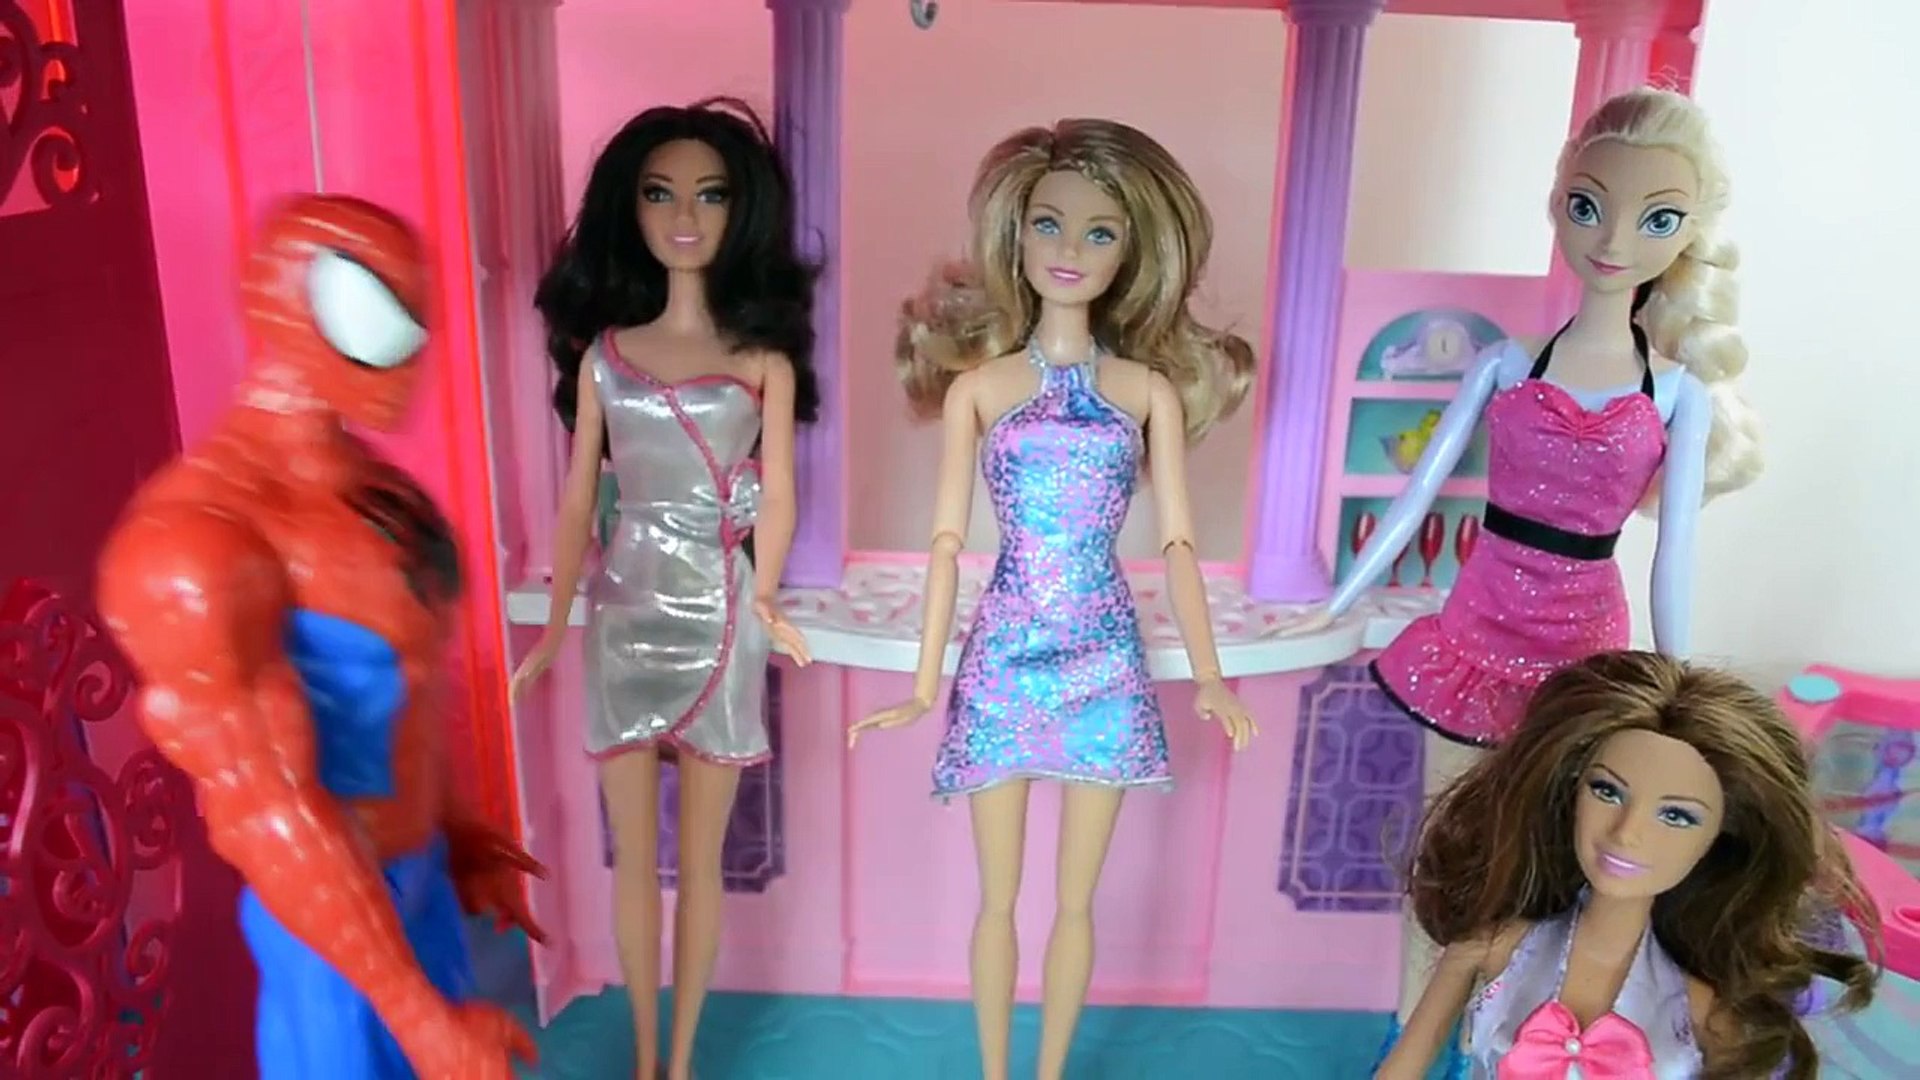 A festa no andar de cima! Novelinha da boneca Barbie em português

-*-

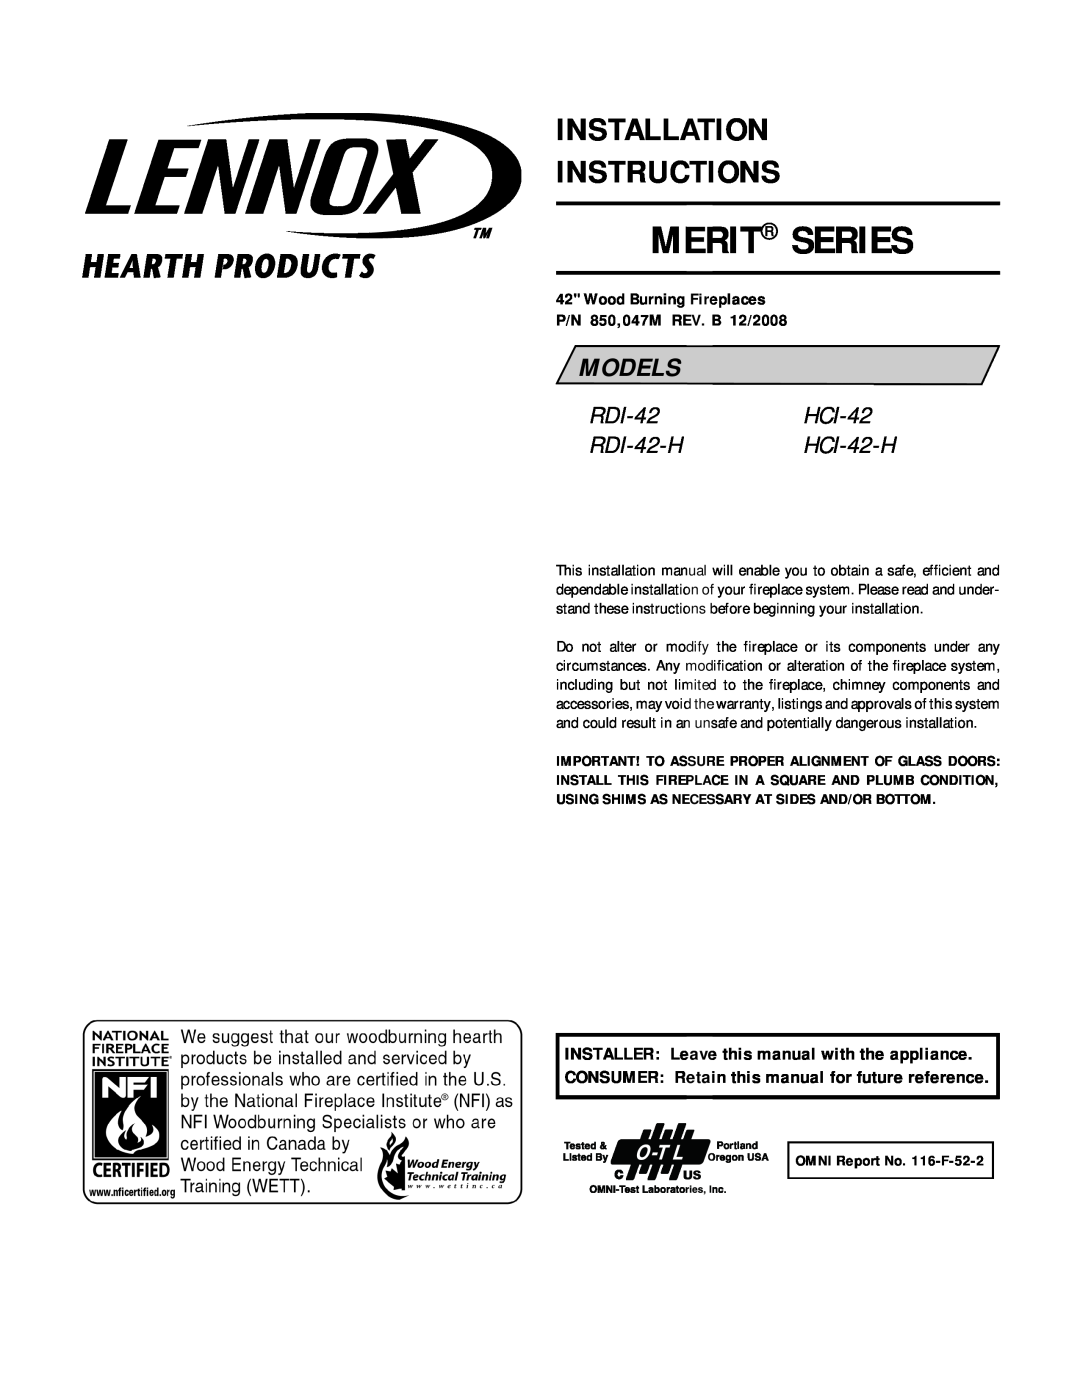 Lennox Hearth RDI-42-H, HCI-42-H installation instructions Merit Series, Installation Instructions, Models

-*-

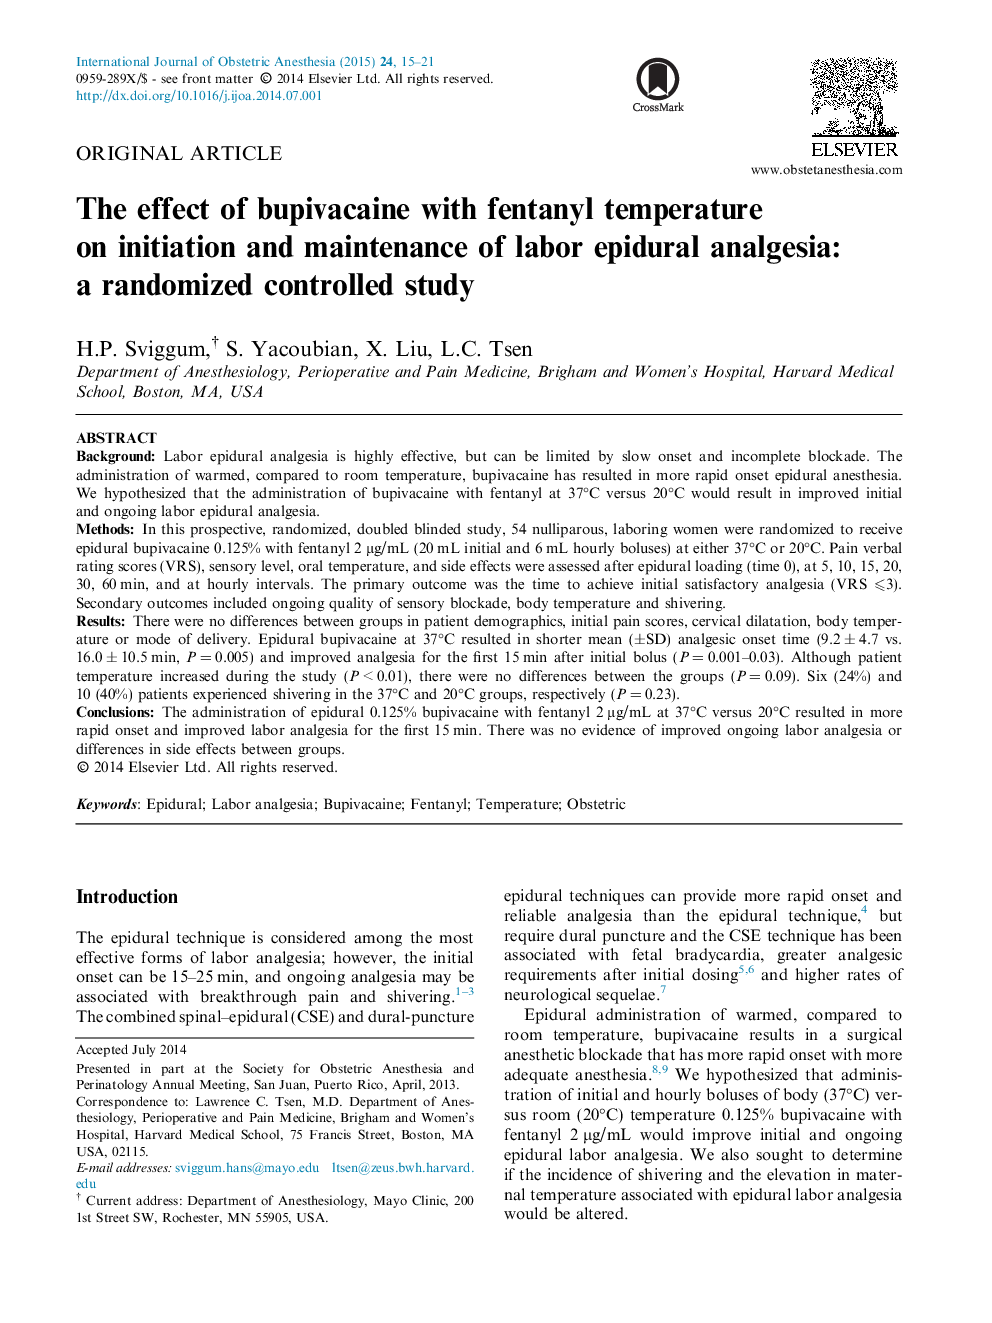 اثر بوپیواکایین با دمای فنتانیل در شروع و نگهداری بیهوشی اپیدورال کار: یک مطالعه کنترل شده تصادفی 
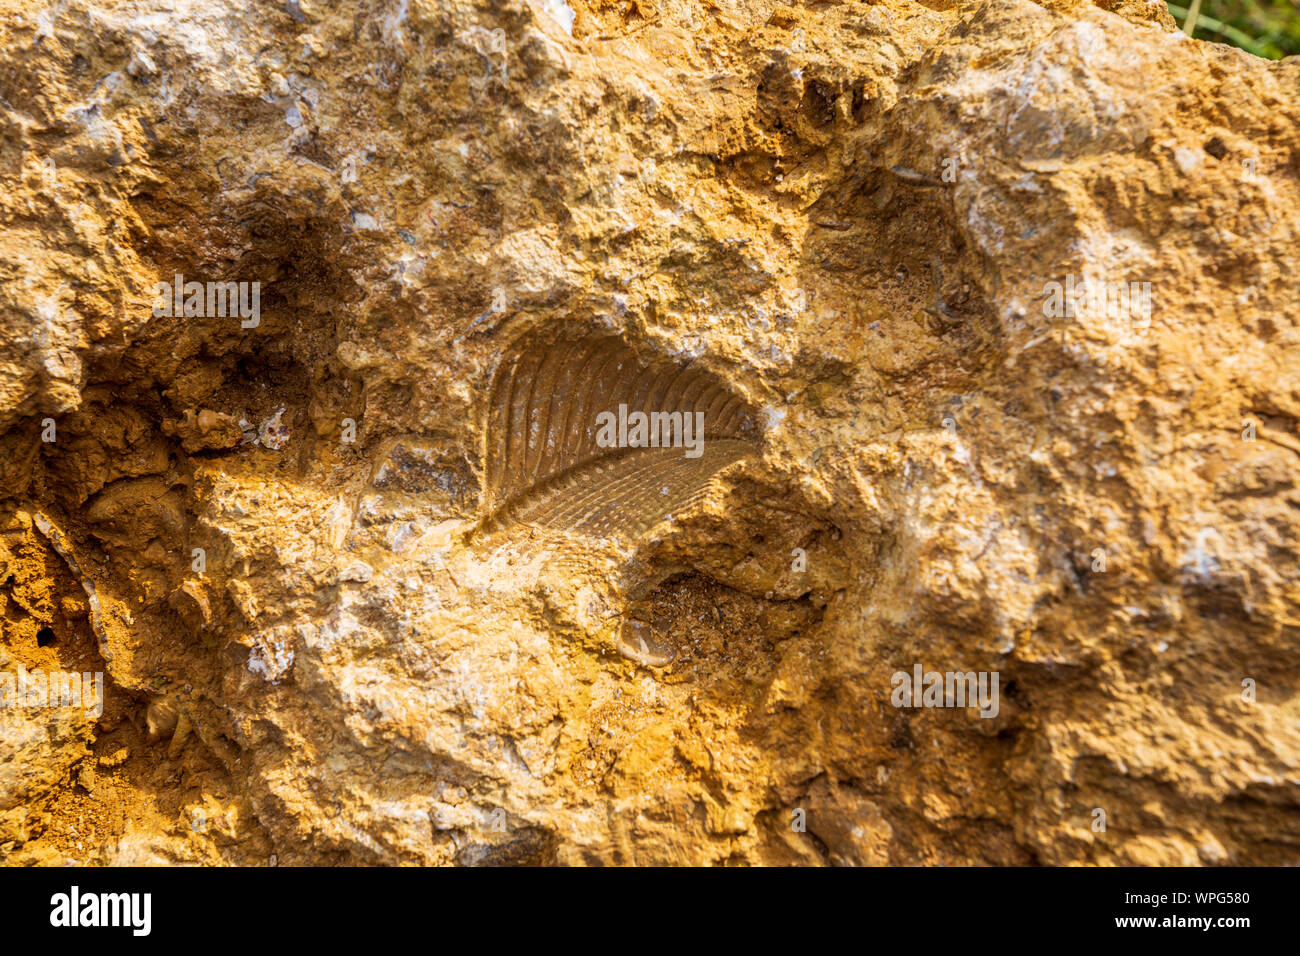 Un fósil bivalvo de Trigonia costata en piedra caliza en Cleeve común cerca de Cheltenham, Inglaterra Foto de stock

-*-

Please output, exactly as written, the lines above from the one holding "اثر بوپیواکایین با" through the one holding "Un fósil bivalvo", both included, with the pictures omitted.

YOUR RESPONSE:
 اثر بوپیواکایین با دمای فنتانیل در شروع و نگهداری بیهوشی اپیدورال کار: یک مطالعه کنترل شده تصادفی 
 Un fósil bivalvo de Trigonia costata en piedra caliza en Cleeve común cerca de Cheltenham, Inglaterra Foto de stock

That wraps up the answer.